How should I change the settings in go.d/httpcheck.conf and the alert definition in health.d/httpcheck.conf?

Hi, @JB_Walton. The response times don’t matter, your alert is: “If httpcheck status was “timeout” 10+% of the time in the last 5 minutes - warning”

Thanks,

I am missing something I guess.

You say, that cesponse times don’t matter.
Only timeout is checked.

What does define “timeout”?

The httpcheck.status metric is the status of HTTP check.
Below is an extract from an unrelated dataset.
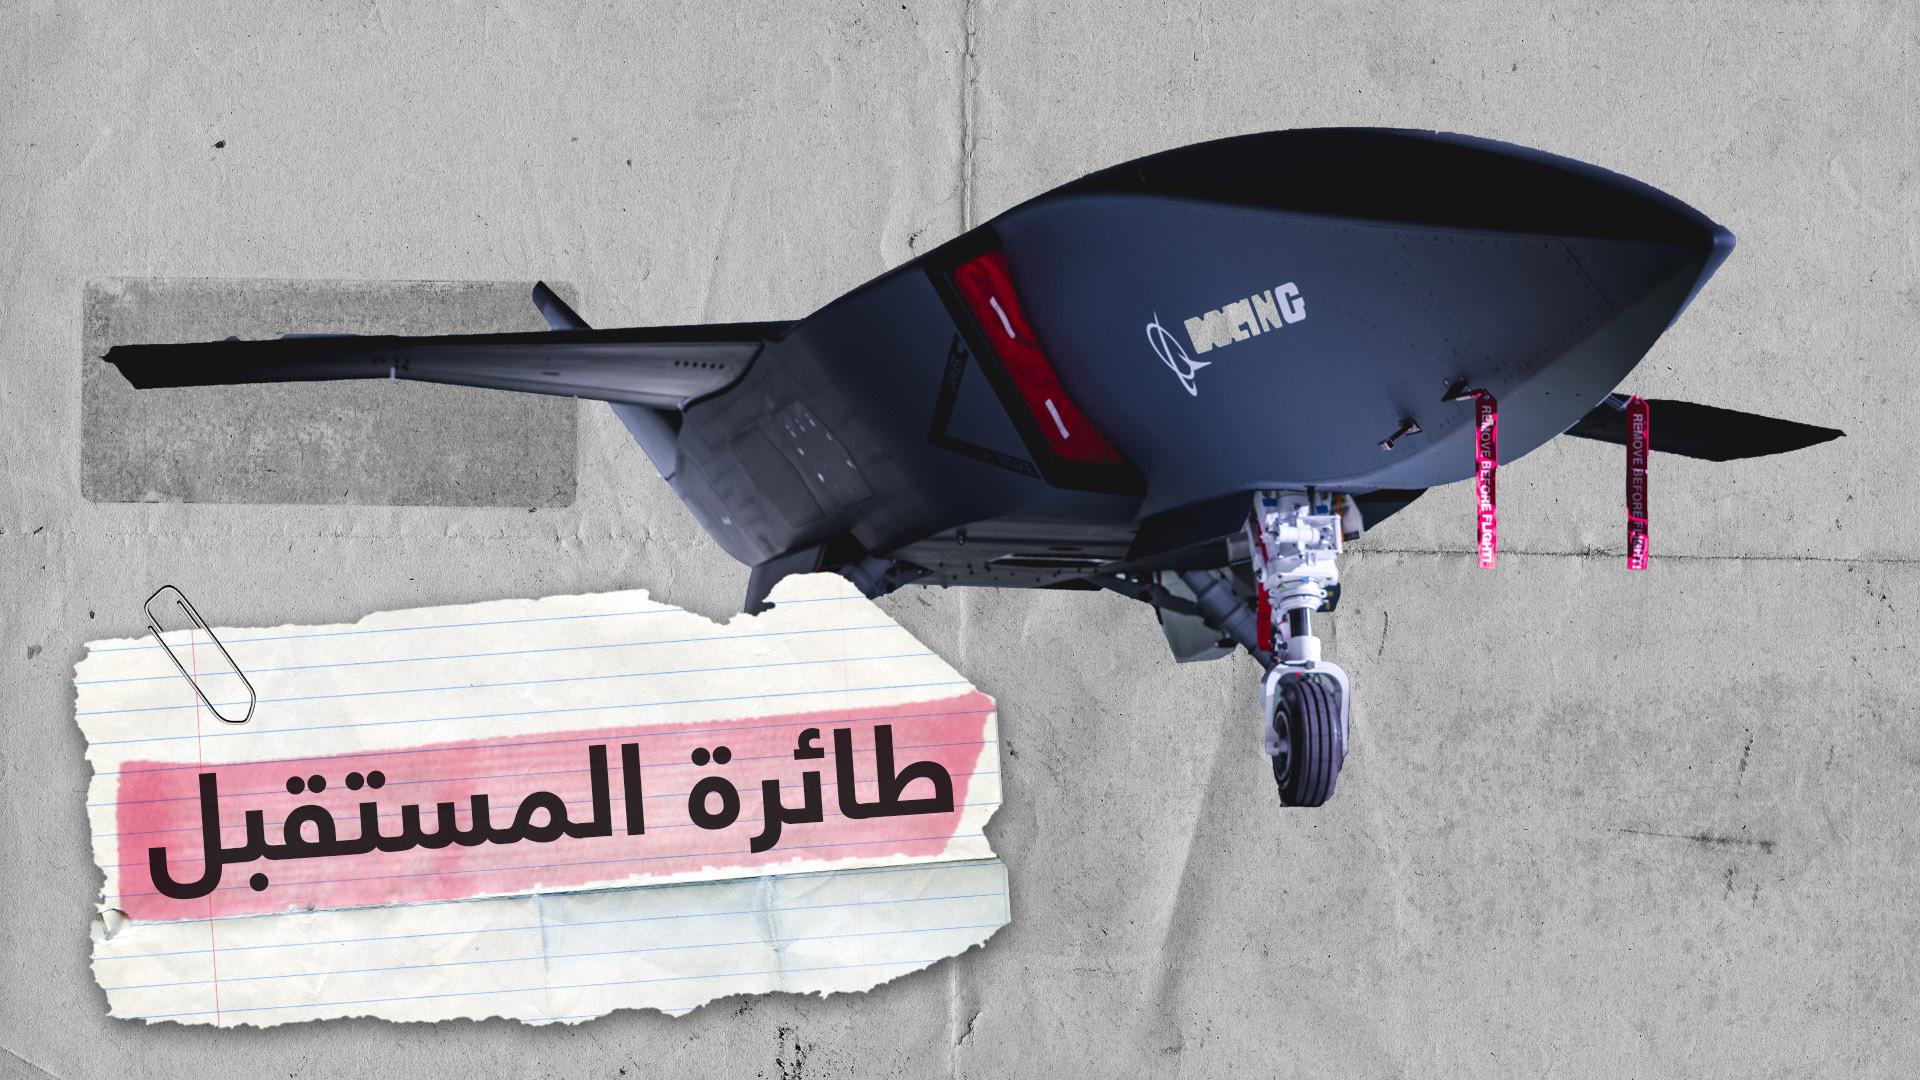 طائرة المستقبل.. بوينغ تستعرض مقاتلة تعمل بالذكاء الصناعي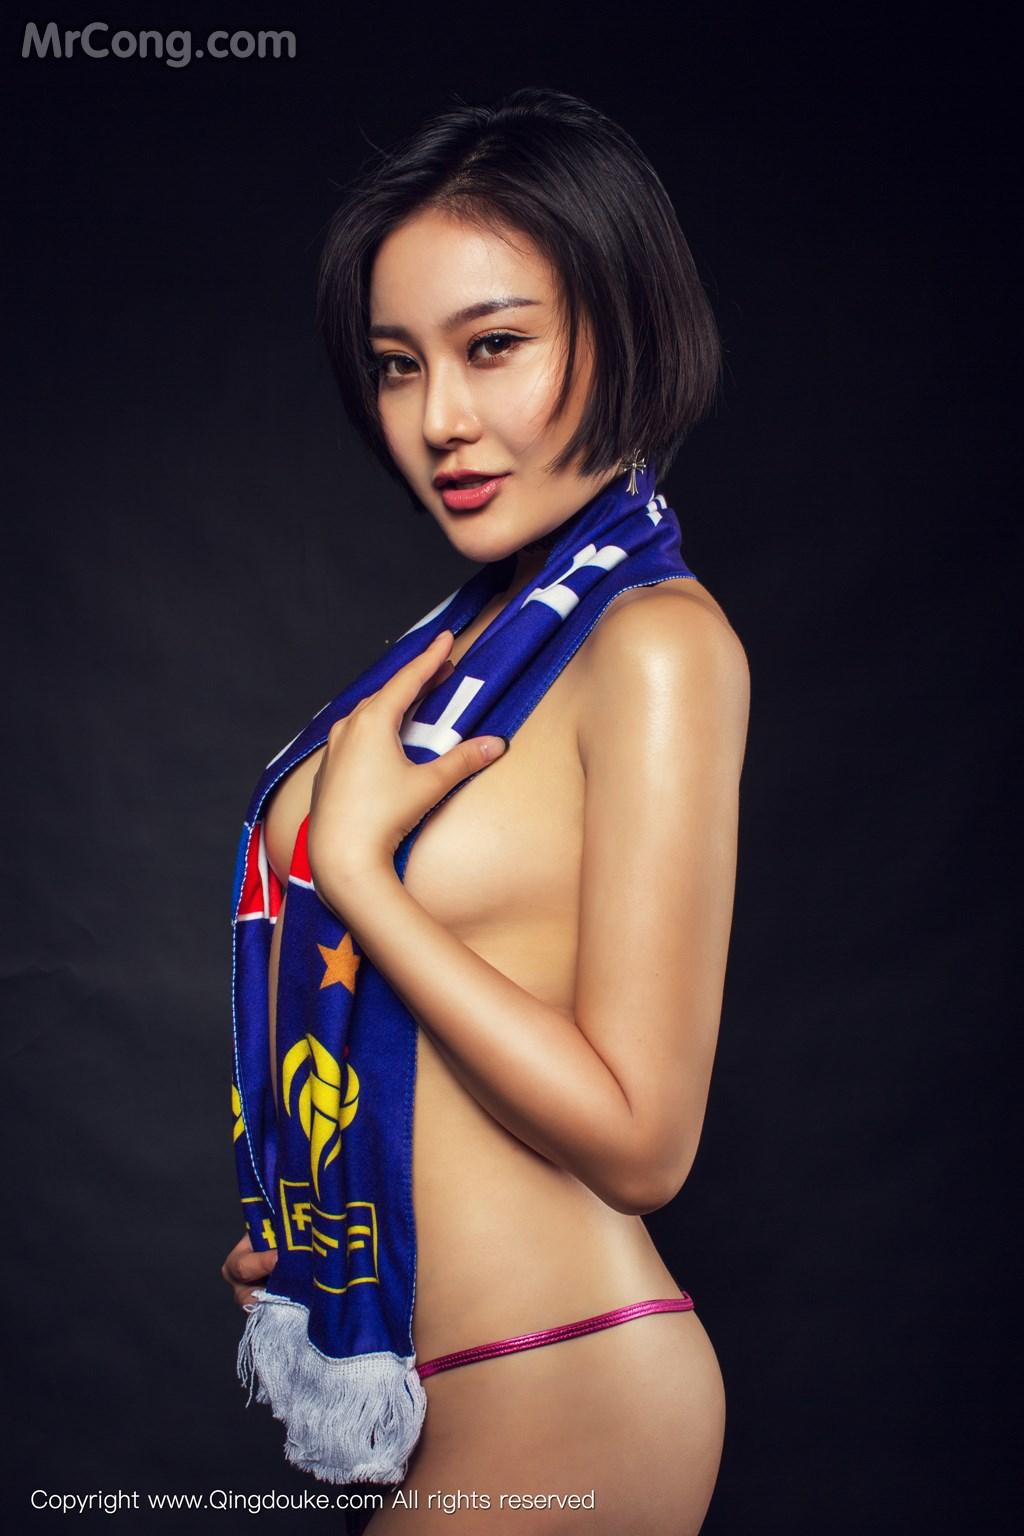 Image MrCong.com-QingDouKe-2016-11-17-Chan-003 in post QingDouKe 2016-11-17: Người mẫu Chan (婵) (44 ảnh)

Possible values are:

  • success: got response and the response status code is in configured status_accepted (200 by default).
  • bad_status: got response but the response status code is not in configured status_accepted (not 200 by default).
  • bad_content: got response and the response status code is in status_accepted but unexpected body content (when using response_match).
  • bad_header: got response and response status code is in status_accepted but unexpected heders (when using headers_match).
  • timeout: no response within configured timeout (1 second by default).
  • no_connection: connection refused.

Thanks,

I think I understand it.
I have set the timeout in go.d/httpcheck.conf.

In the netdata httpcheck.status chart I can see the timeouts occurring.
Now I just need to find in my server logs what is causing those timeouts.
I cannot find it quickly on my debian /var/log files, so I have to dig into it.

Added statuses description to docs in 18351.